4.5. Helper Components Reference

class rlgraph.components.helpers.MemSegmentTree(values, capacity, operator=<built-in function add>)[source]

Bases: object

In-memory Segment tree for prioritized replay.

Note: The pure TensorFlow segment tree is much slower because variable updating is expensive, and in scenarios like Ape-X, memory and update are separated processes, so there is little to be gained from inserting into the graph.

get(index)[source]

Reads an item from the segment tree.

Args:
index (int):

Returns: The element.

get_min_value(start=0, stop=None)[source]

Returns min value of storage variable.

get_sum(start=0, stop=None)[source]

Returns sum value of storage variable.

index_of_prefixsum(prefix_sum)[source]

Identifies the highest index which satisfies the condition that the sum over all elements from 0 till the index is <= prefix_sum.

Args:
prefix_sum .float): Upper bound on prefix we are allowed to select.
Returns:
int: Index/indices satisfying prefix sum condition.
insert(index, element)[source]

Inserts an element into the segment tree by determining its position in the tree.

Args:
index (int): Insertion index. element (any): Element to insert.
reduce(start, limit, reduce_op=<built-in function add>)[source]
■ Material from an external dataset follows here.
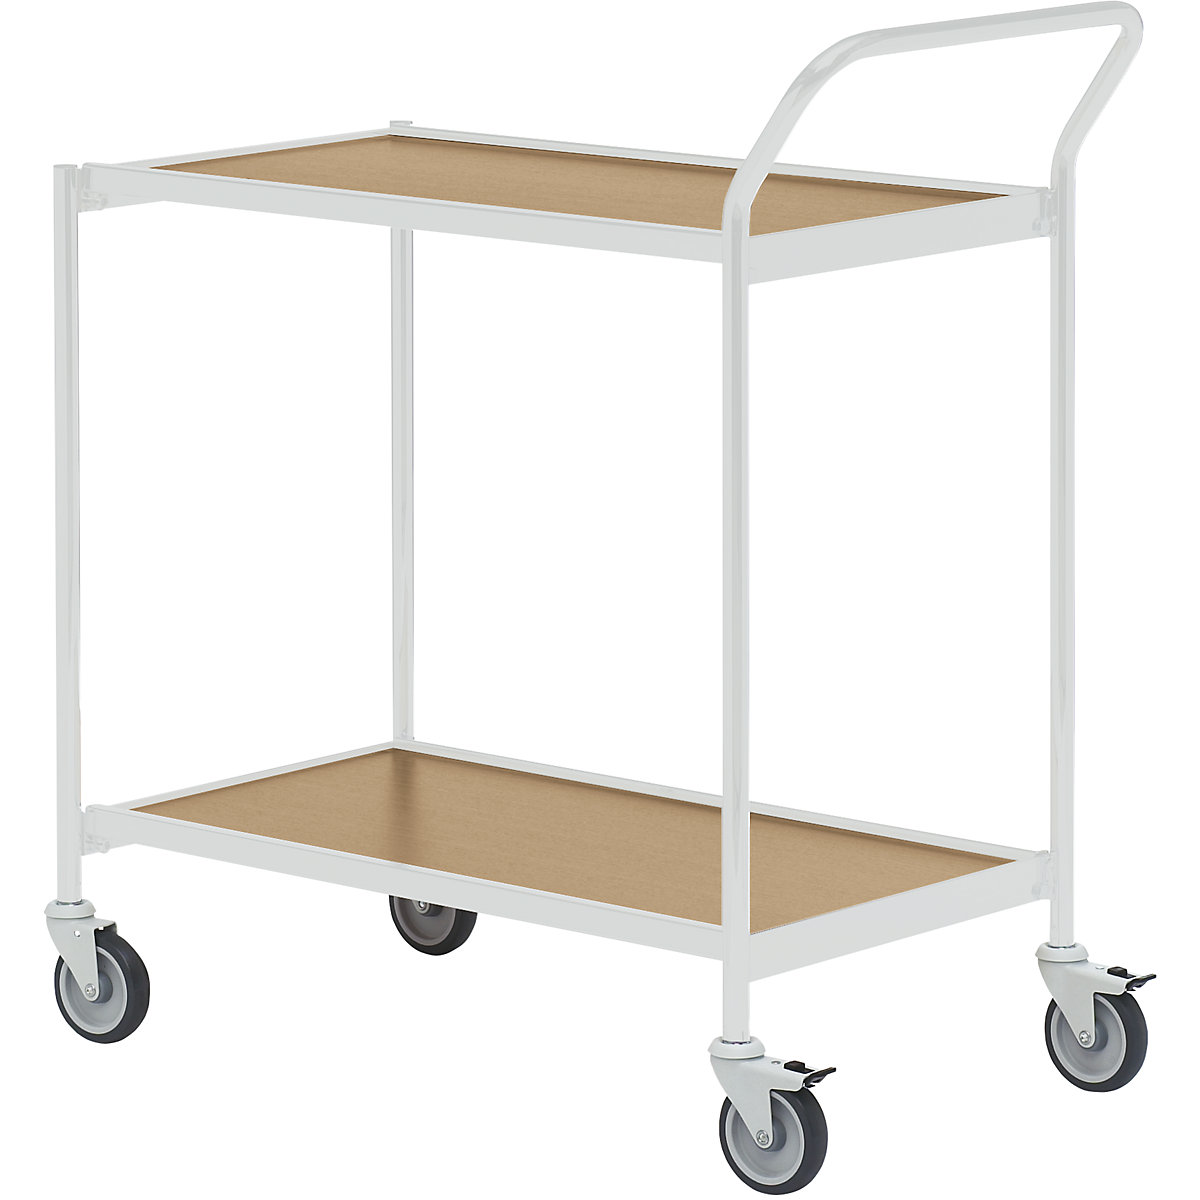 Stolový vozík – HelgeNyberg, 2 etáže, d x š 800 x 420 mm, šedá / dub, od 5 ks-15
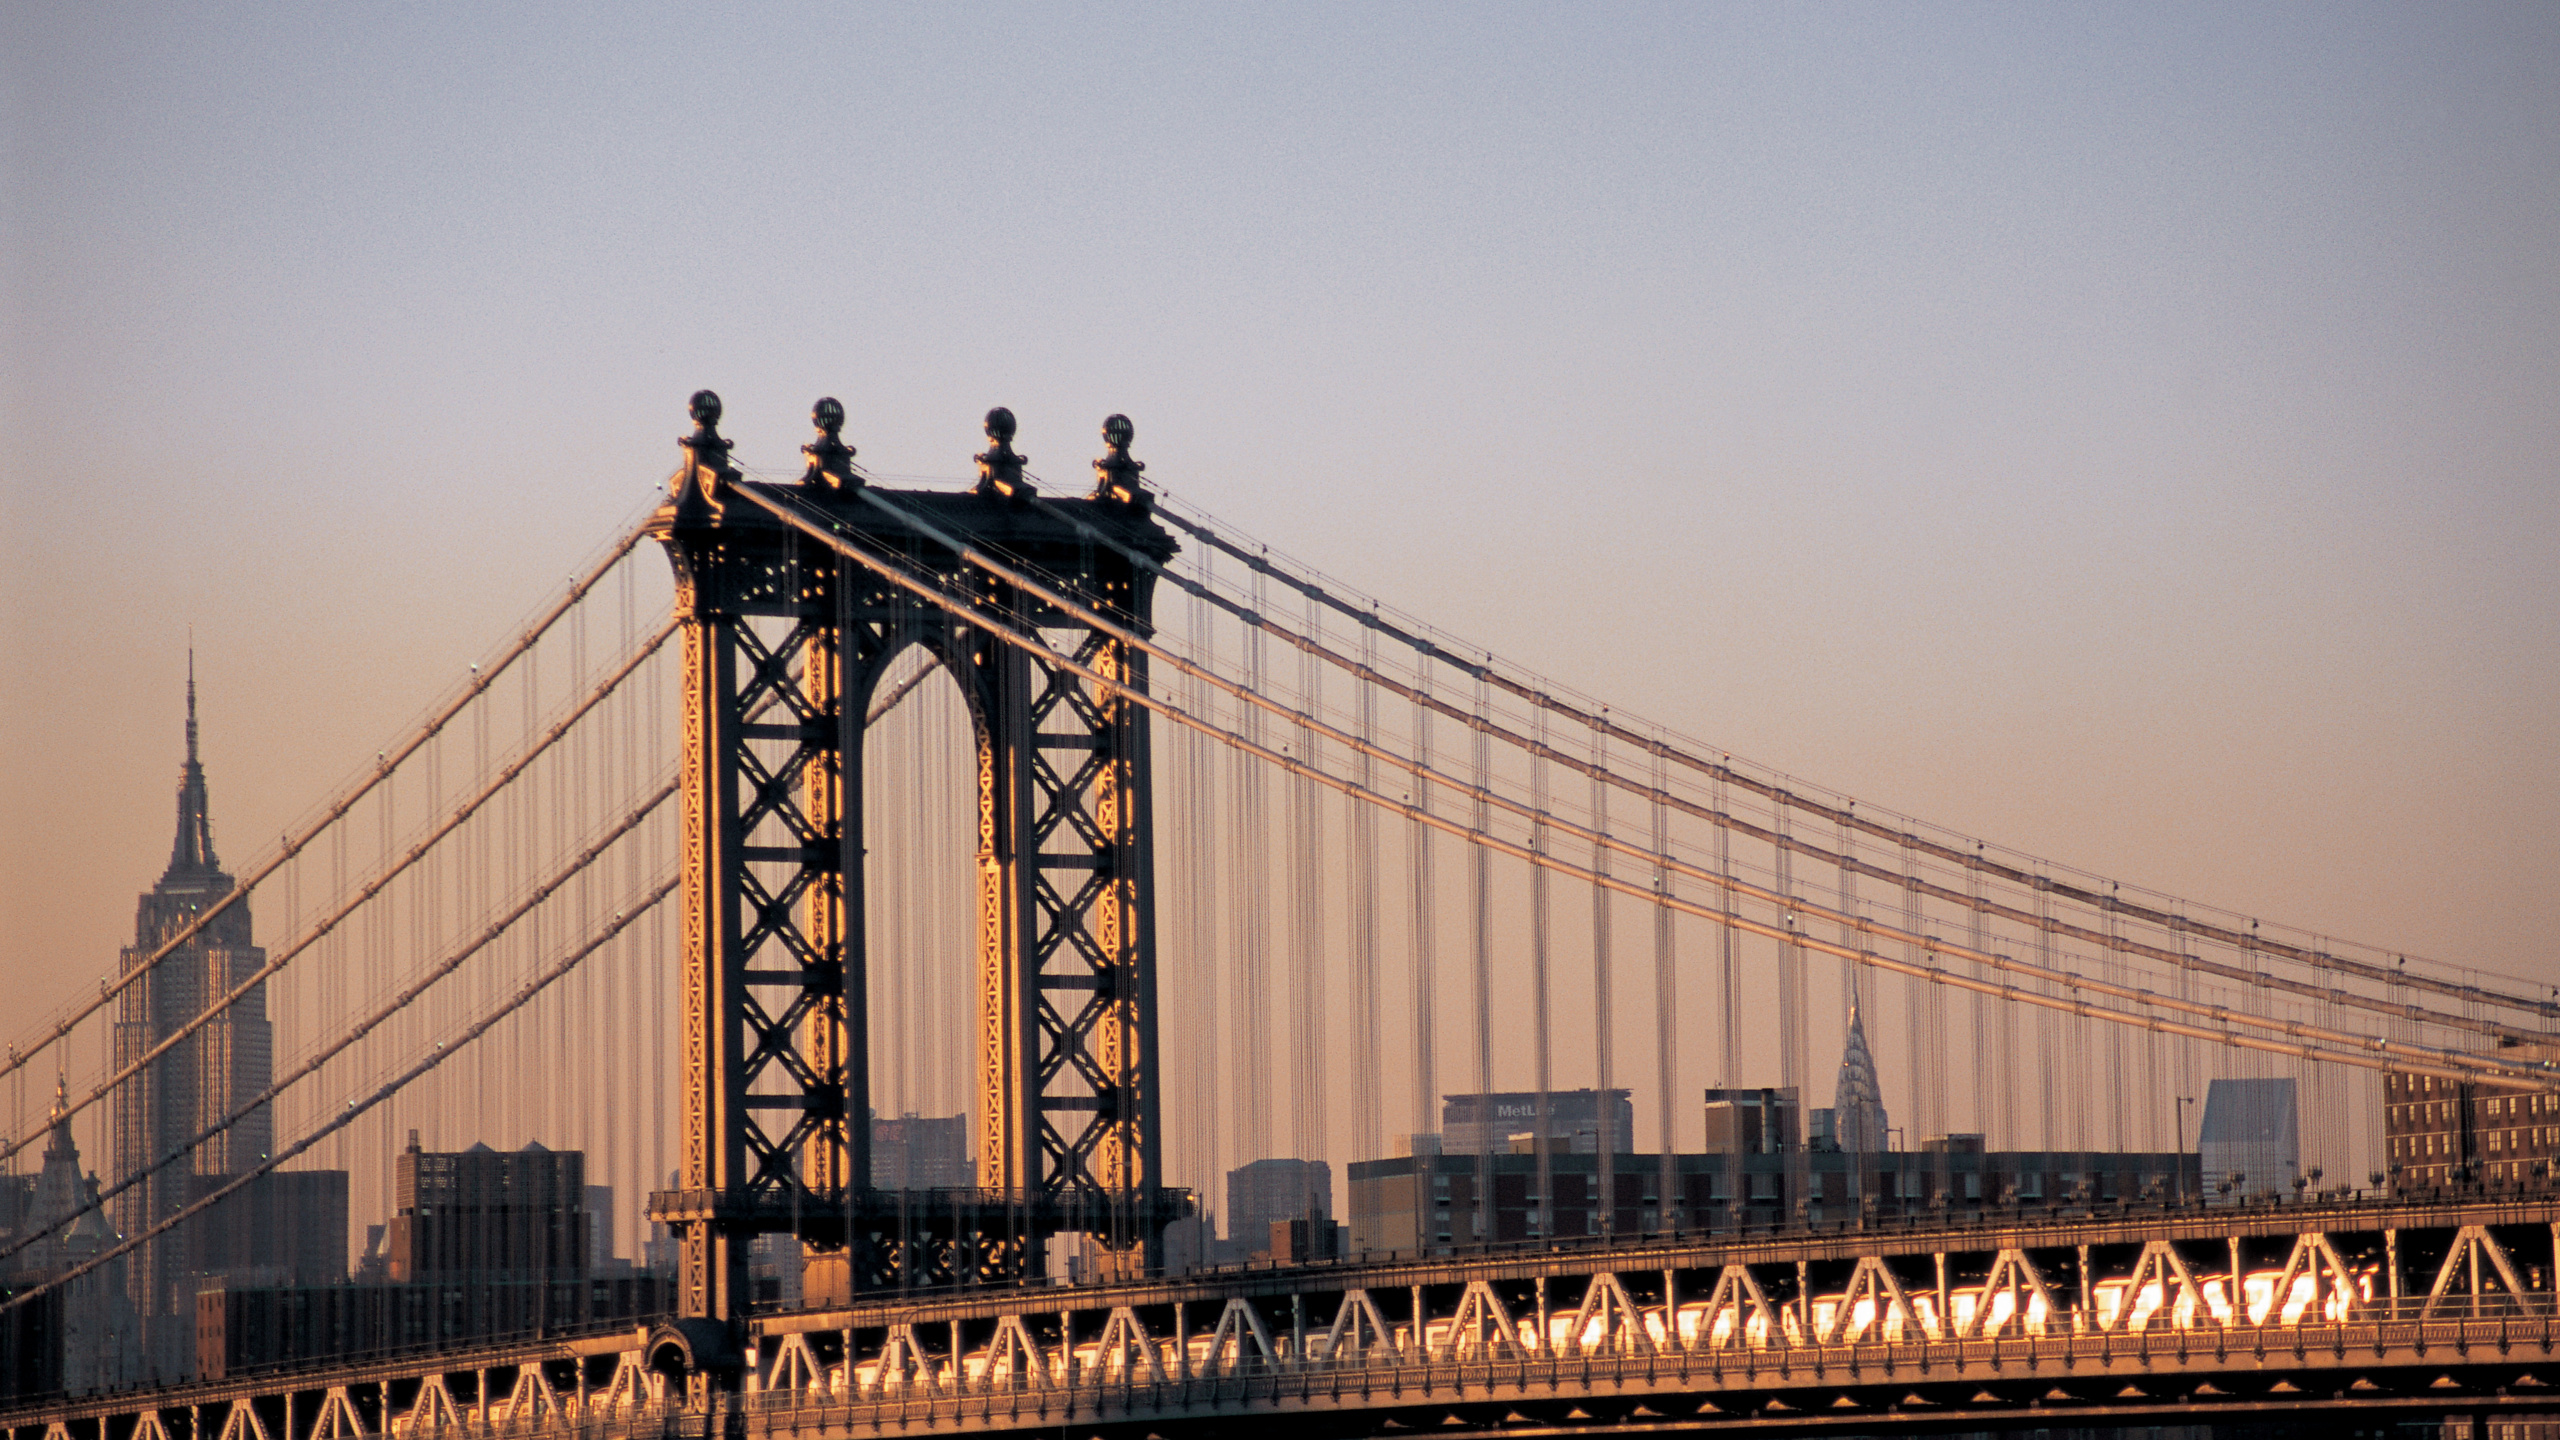 布鲁克林大桥, 曼哈顿大桥, 有线桥, 里程碑, 城市 壁纸 2560x1440 允许

Applies an operation to specified segment.

Args:
start (int): Start index to apply reduction to. limit (end): End index to apply reduction to. reduce_op (Union(operator.add, min, max)): Reduce op to apply.
Returns:
Number: Result of reduce operation
class rlgraph.components.helpers.SegmentTree(storage_variable, capacity=1048)[source]

Bases: object

TensorFlow Segment tree for prioritized replay.

get(index)[source]

Reads an item from the segment tree.

Args:
index (int):

Returns: The element.

get_min_value()[source]

Returns min value of storage variable.

get_sum()[source]

Returns sum value of storage variable.

index_of_prefixsum(prefix_sum)[source]

Identifies the highest index which satisfies the condition that the sum over all elements from 0 till the index is <= prefix_sum.

Args:
prefix_sum .float): Upper bound on prefix we are allowed to select.
Returns:
int: Index/indices satisfying prefix sum condition.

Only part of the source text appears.